When the message "produced zero addresses" appears, you need to take action. At that point, run the command "mage check".

skiffer-git avatar Aug 18 '24 14:08 skiffer-git

How did you set it up? What changes did you make to the settings? Can you explain it step by step?

skiffer-git avatar Aug 18 '24 14:08 skiffer-git

The mage check in the above content is executed after an error appears in the logs


  • Use the code from tag release-v3.8.
  • No modifications were made to the code, only the configuration files in /config were changed.
  • mongoDB and Redis use services provided by SaaS platform.
  • etcd, Minio, and Kafka use self-built Docker (not the compose provided by the openim project)

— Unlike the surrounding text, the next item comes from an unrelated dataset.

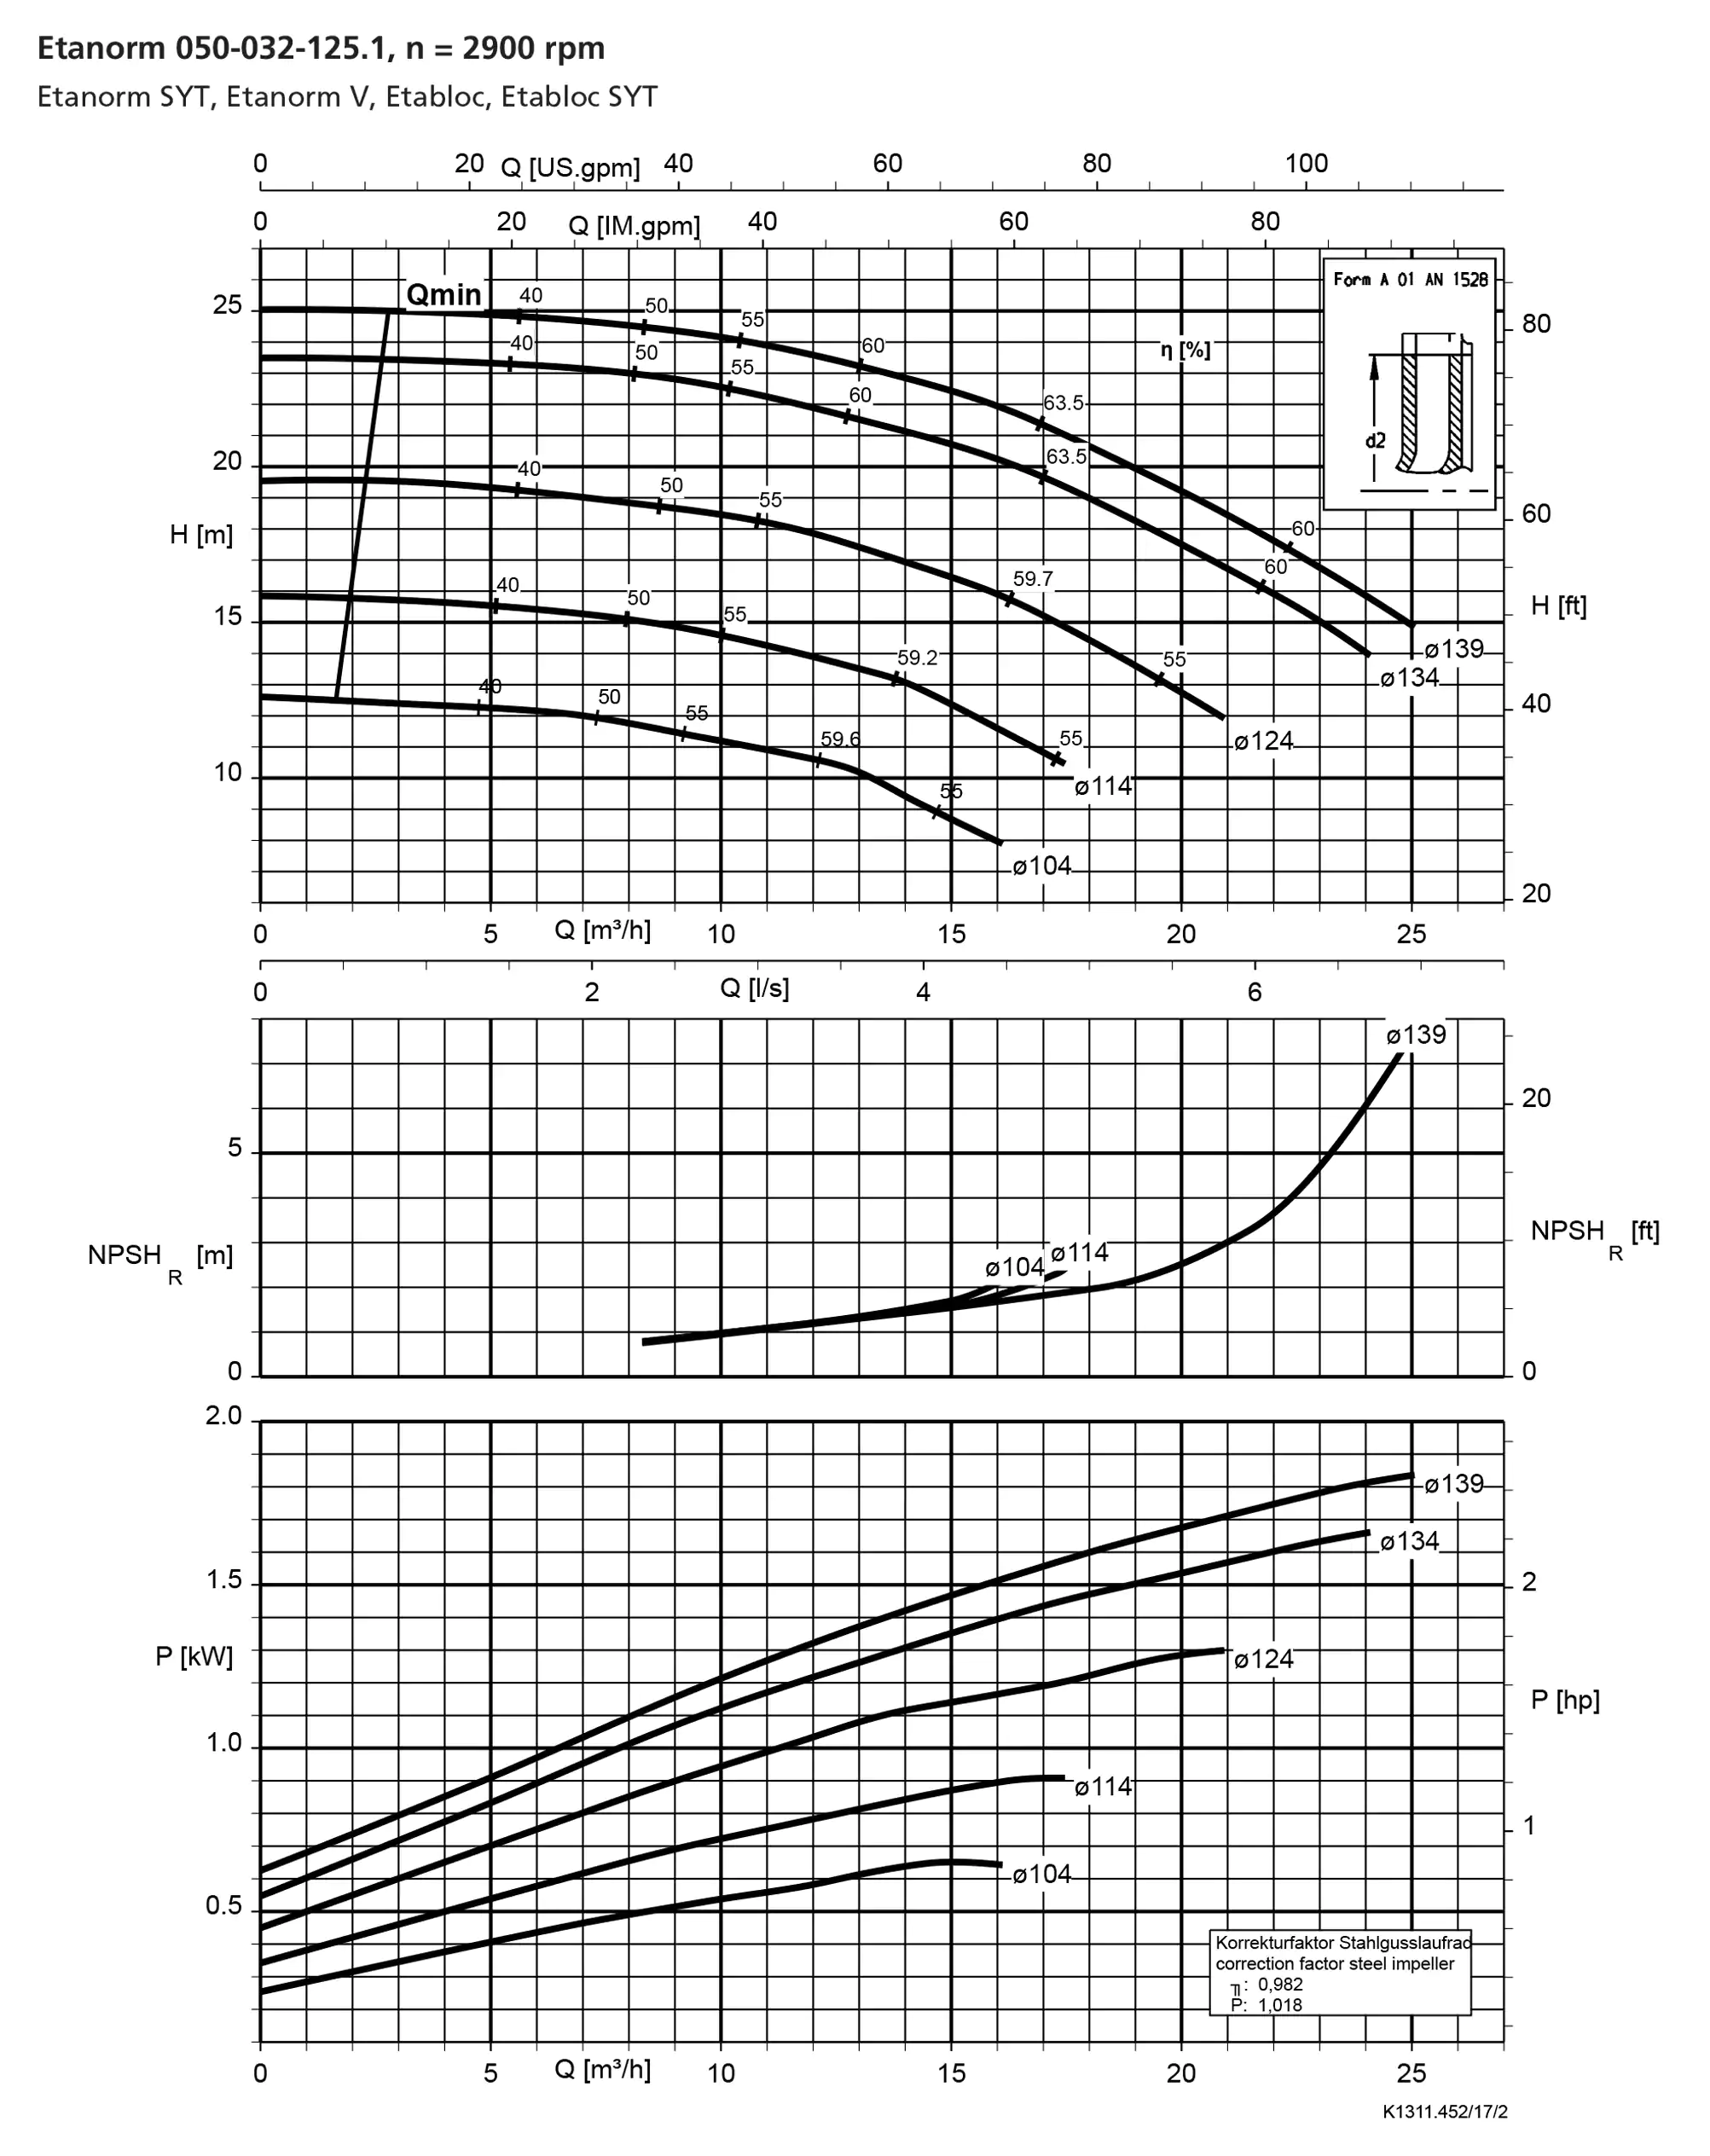 نمودار-کارکرد-پمپ-etanorm-50-32-125-1-2900

Use a Docker-based Golang environment to compile and run the server.

services:
  openim:
    image: golang
    container_name: openim
    user: root
    privileged: true
    volumes:
      - "/openim:/openim"
    restart: always
    network_mode: "host"
    command: /openim/happy.sh

docker startup command

usm@/openim$ cat ./happy.sh
#!/bin/sh
cd /openim
bash bootstrap.sh
if [ ! -e skip_build ]
then
  mage
fi
touch skip_build
mage start
mage check
tail -f /dev/stdout

happy2wh666 avatar Aug 19 '24 01:08 happy2wh666

I suggest you use the source code for the deployment.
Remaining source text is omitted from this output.